Semantic ablation: Why AI writing is boring and dangerous

Powderhorn@beehaw.org · 2 months ago

Semantic ablation: Why AI writing is boring and dangerous

Lvxferre [he/him]@mander.xyz · edit-2 2 months ago

I believe that good communication has four attributes.

It’s approachable: it demands from the reader (or hearer, or viewer) the least amount of reasoning and previous knowledge, in order to receive the message.
It’s succinct: it demands from the reader the least amount of time.
It’s accurate: it neither states nor implies (for a reasonable = non-assumptive receiver) anything false.
It’s complete: it provides all relevant information concerning what’s being communicated.

However no communication is perfect and those four attributes are in odds with each other: if you try to optimise your message for one or more of them, the others are bound to suffer.

Why this matters here: it shows the problem of ablation is unsolvable. Even if generative models were perfectly competent at rephrasing text (they aren’t), simply by asking them to make the text more approachable, you’re bound to lose info or accuracy. Specially in the current internet, where you got a bunch of skibidi readers who’ll screech “WAAAAH!!! TL;DR!!!” at anything with more than two sentences.

I’d also argue “semantic ablation” is actually way, way better as a concept than “hallucination”. The later is not quite “additive error”; it’s a misleading metaphor for output that is generated by the model the same way as the rest, but it happens to be incorrect when interpreted by human beings.

Powderhorn@beehaw.org · 2 months ago

As a former linguistics major, I find this to be horseshit.

Really, we optimize for the least possible amount of communication necessary.
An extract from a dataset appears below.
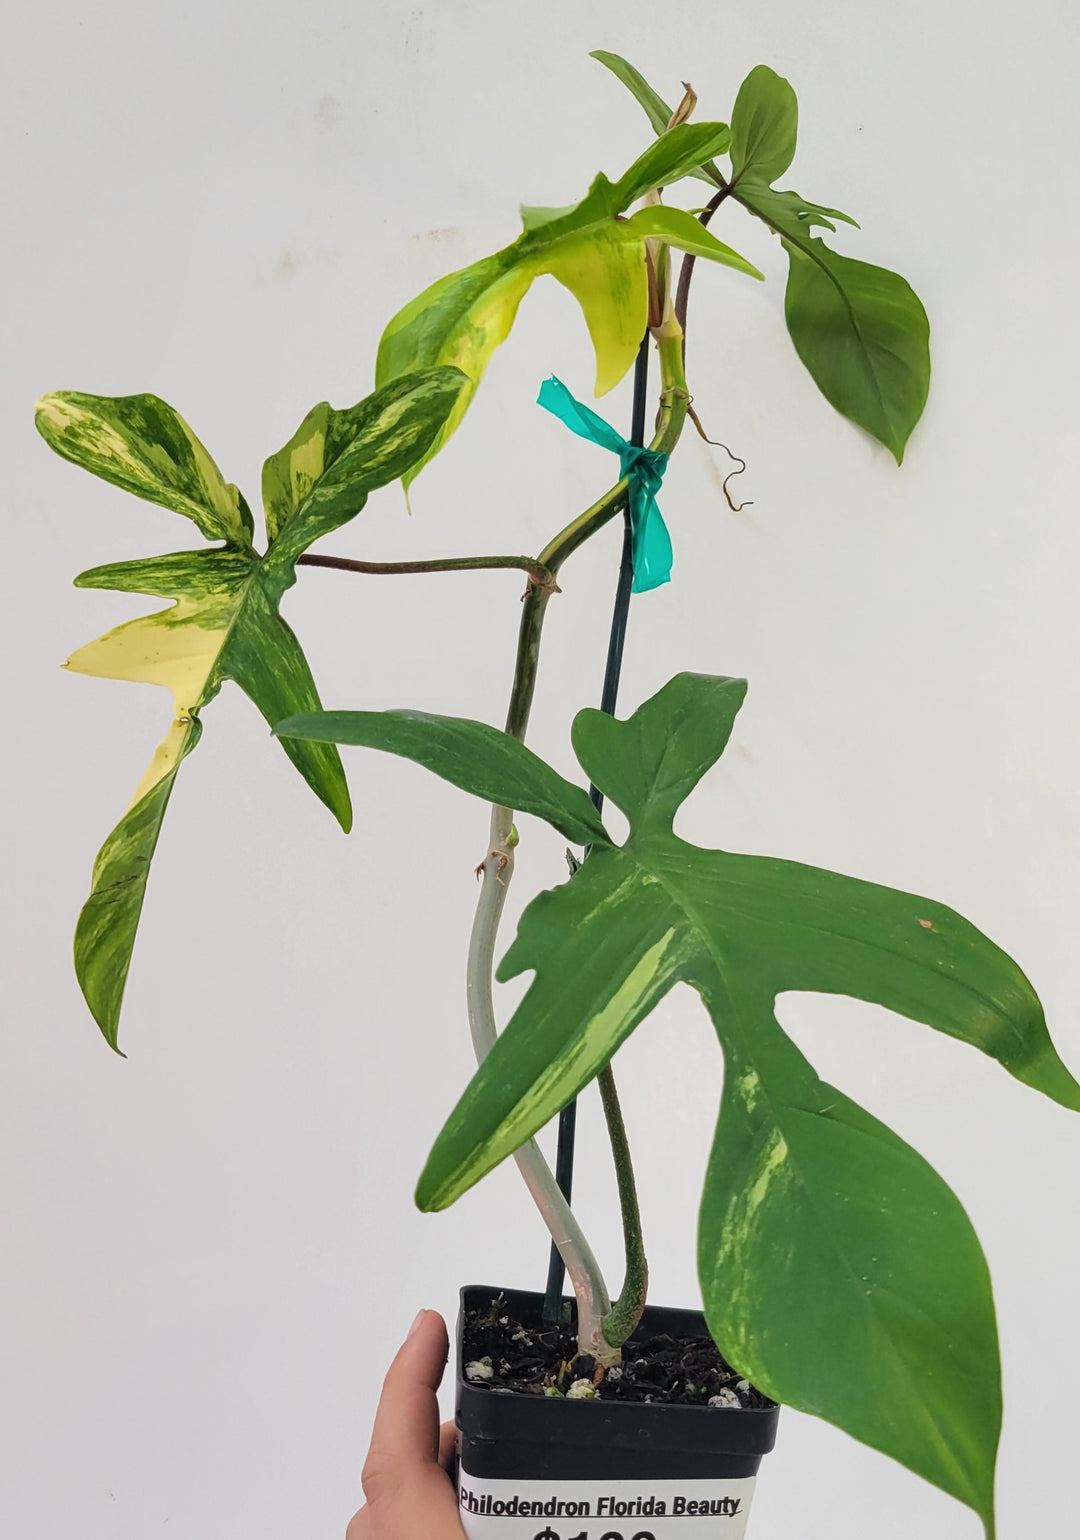 Philodendron Florida Beauty variegated,  variegated Wishlist plant,  established & unusual,  tropical houseplant, US Seller- F4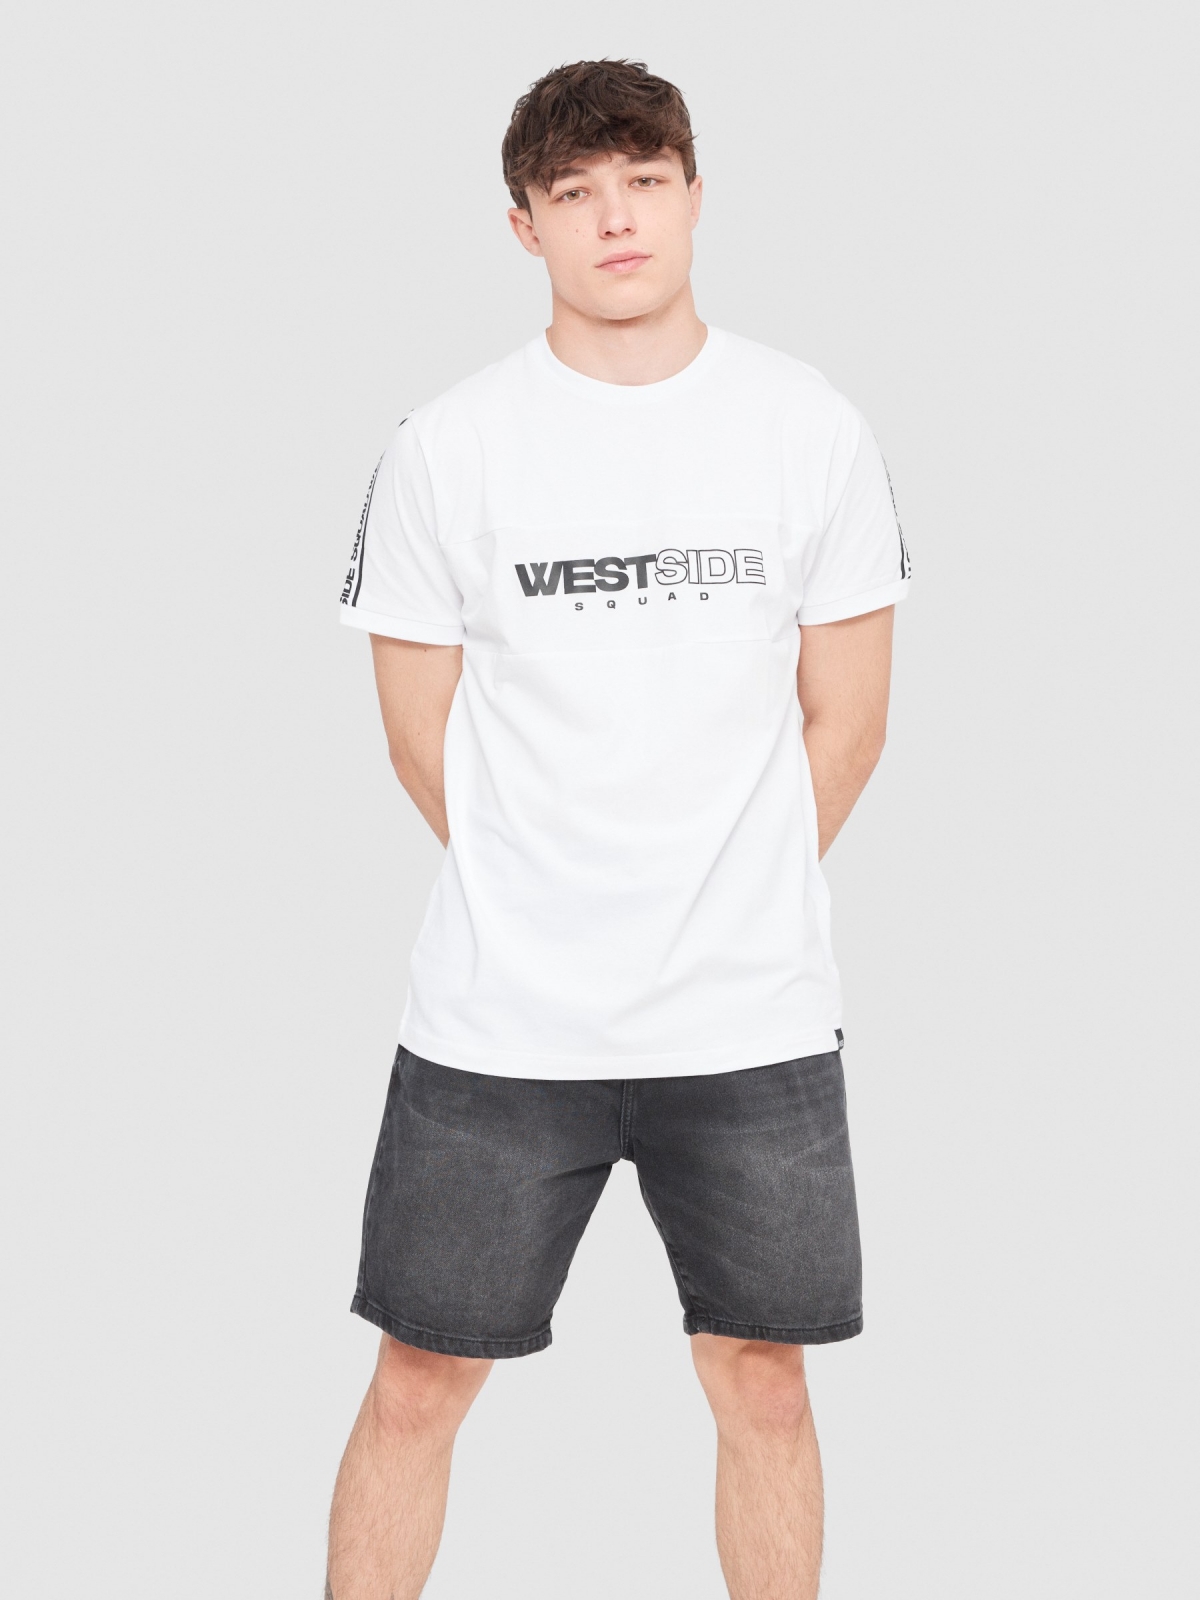 Camiseta Westside blanco vista media frontal

With a spouse, you don’t ask full questions. Early on, you might have to shoot a look, but later on? This is now ingrained. They’re offering the solution before you express the problem.

Lvxferre [he/him]@mander.xyz · 2 months ago

To be clear, by “communication” I’m talking about the information conveyed by a certain utterance, while you’re likely referring to the utterance itself.

Once you take that into account, your example is optimising for #2 at the expense of #1 — yes, you can get away conveying info in more succinct ways, but at the expense of requiring a shared context; that shared context is also info the receiver knows beforehand. It works fine in this case because spouses accumulate that shared context across the years (so it’s a good trade-off), but if you replace the spouse with some random person it becomes a “how the fuck am I supposed to know what you mean?” matter.

Powderhorn@beehaw.org · 2 months ago

Sure. That’s a specific use case and not likely a useful one.

When we start getting into utterances, though, we’re firmly in linguistics. Unless you’ve been passing bad checks.

Lvxferre [he/him]@mander.xyz · 2 months ago

Yeah, got to borrow some word from discourse analysis :-P

It fits well what I wanted to say, and it makes the comment itself another example of the phenomenon: that usage of “utterance” as jargon makes the text shorter and more precise but makes it harder to approach = optimises for #2 and #3 at the expense of #1. (I had room to do it in this case because you mentioned your Linguistics major.)

Although the word is from DA I believe this to be related to Pragmatics; my four points are basically a different “mapping” of the Gricean maxims (#1 falls into the maxim of manner, #2 of manner and relation, #3 of quality, #4 of quantity) to highlight trade-offs.

Powderhorn@beehaw.org · 2 months ago

I never got a degree! I got roped into the college paper, and from there, well, I didn’t really care about my studies. Why worry about semantics and semiotics when you can tell 18,000 people what to think?

(yeah, I meandered into news after cutting my teeth in opinion)